节点文献

生物序列的相对特征分析及Burrows-Wheeler方法

Relative Character Analysis and Burrows-Wheeler Methods for the Biological Sequence

【作者】 杨连平

【导师】 王天明;

【作者基本信息】 大连理工大学 , 应用数学, 2011, 博士

【摘要】 随着后基因组时代的到来,面对着大量的基因组的完全测序及各种问题的涌现,人们期望低成本的序列比较分析工具能够更精准、更快速的分析和预测序列的结构与功能,从而降低用实验方法测定与分析而带来的高额时间与金钱成本。本文致力于生物序列分析的研究领域,提出具有一定特色的比较分析模型。通常,序列的比较分析主要被分成两类模型:比对模型和非比对模型。本文从比较分析流程的拓扑框架上看待各种比较模型,提出将比较分析模型分为特征分析模型及相对特征分析模型。比对模型及基于信息压缩的比较模型都属于相对特征分析模型。在相对特征分析模型中,相似性假设是这类比较模型的一个核心内容。通过分析相似性假设可以得出该模型的主要的优缺点。本文重点研究讨论了两类相对特征分析模型:基于序列间公共子串的比较模型和’Burrows-Wheeler方法。本文提出的基于公共子串的比较模型是通过讨论最长公共子串与最短特异子串之间的关系而得出的一种模型。

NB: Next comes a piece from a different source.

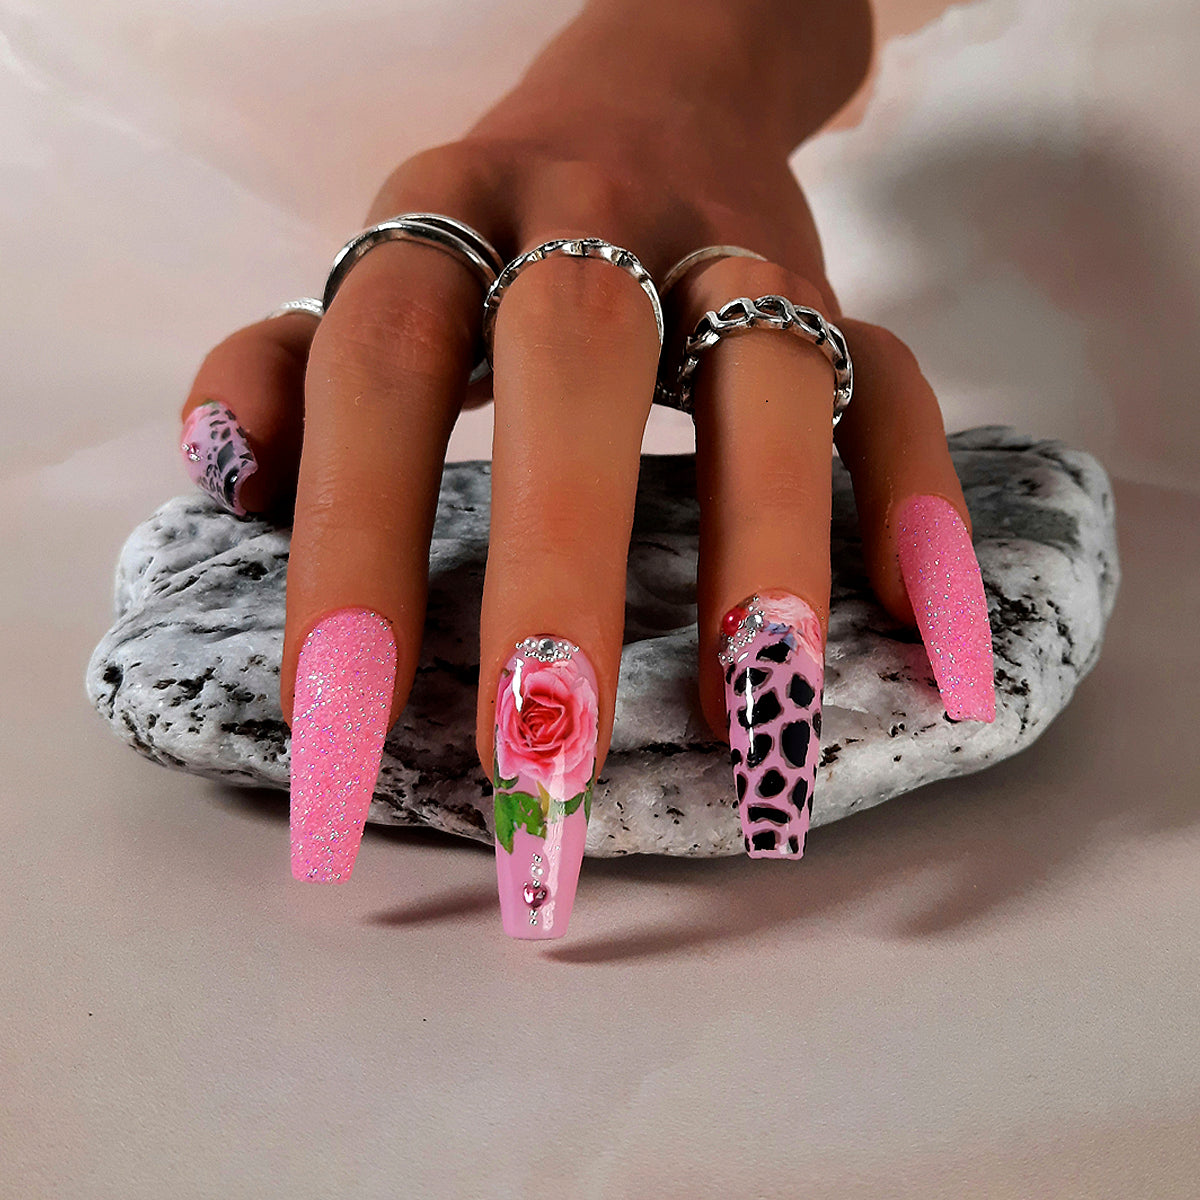 hand made pink press on nails with roses, animal print, glitter and crystals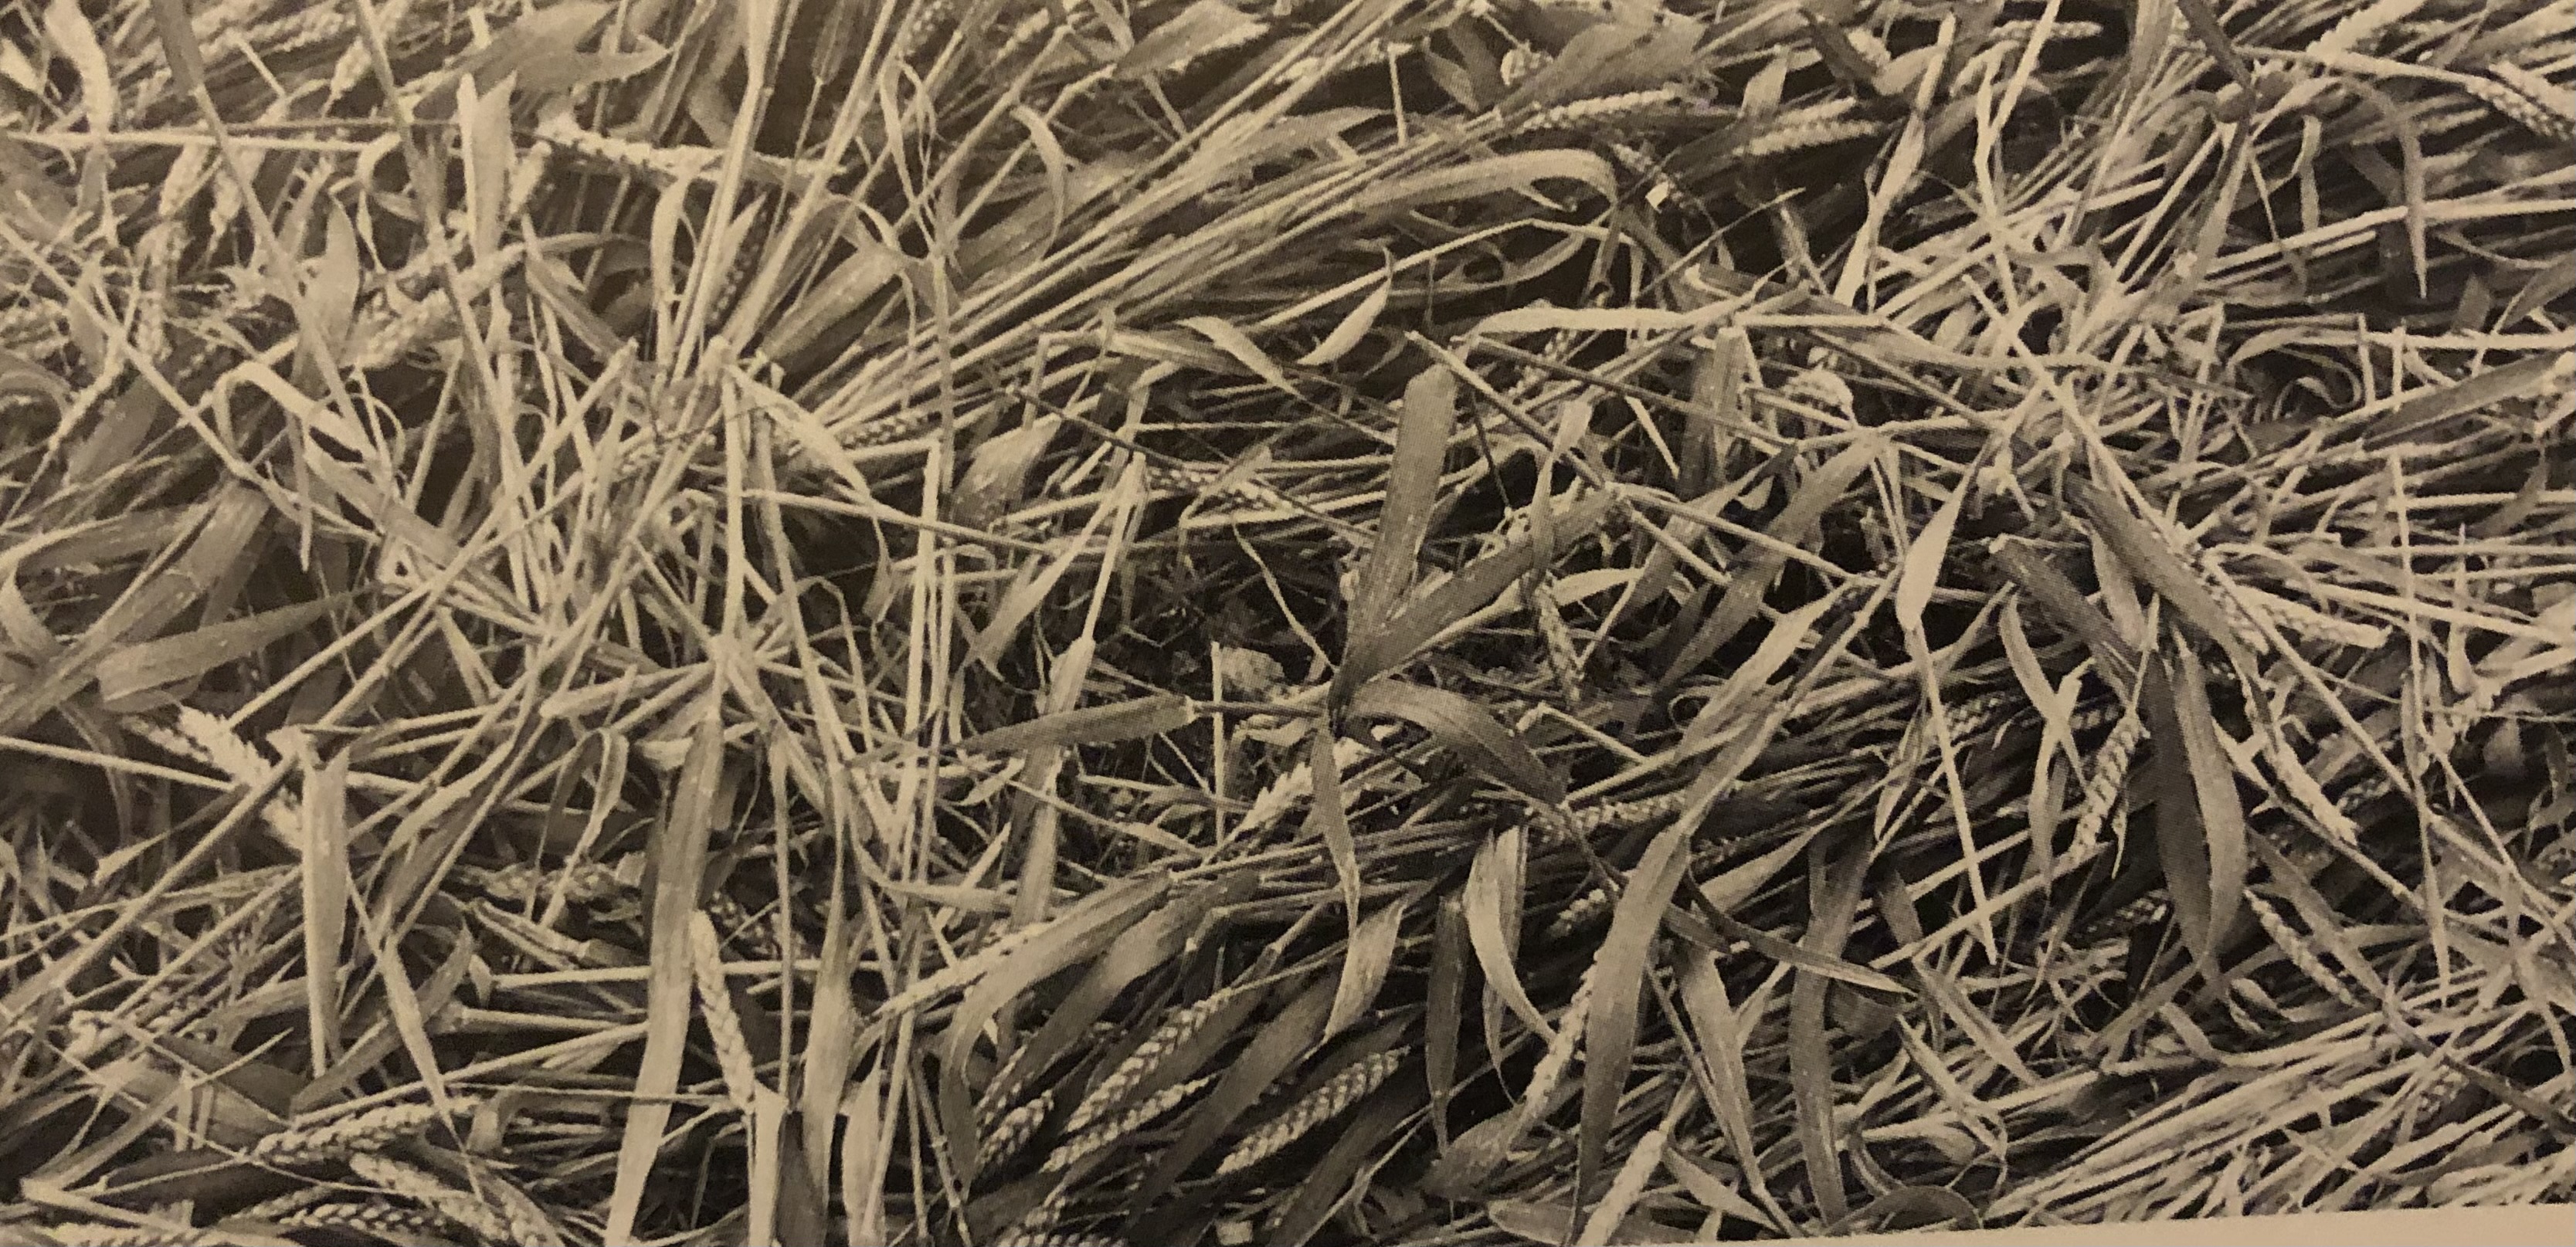 A sepia photograph depicting an up close aerial shot disturbed swirling flattened wheat stalks.

其主要特点是:算法的时间复杂度为线性的,从而适合分析很长的基因组;其中的局部距离度量可以较好的分析基因组间的局部相似性,即使所考虑的局部包含了部分片段的重组信息;根据局部距离度量而得出累积局部距离也能有效的分析基因组的整体相似性。通过对HIV-1全基因组及其片段的子型判别的问题的研究,我们验证了该模型的有效性。Burrows-Wheeler方法是另一类本文重点研究讨论的相对特征分析模型。其理论主要基于信息无损压缩理论中的一个重要的可逆变换——Burrows-Wheeler变换。在此变换的基础上而得出的扩展Burrows-Wheeler变换可以有效的分析序列间的共有因子的含量。本文提出了一种称为Burrows-Wheeler相似性分布的概念,并用其来描述序列间的相似性。在此基础上,我们提取Burrows-Wheeler相似性分布的两类数字特征——期望和信息熵,并针对基因序列、蛋白质序列及其结构序列的特点,采用不同的策略比较它们之间的相似性。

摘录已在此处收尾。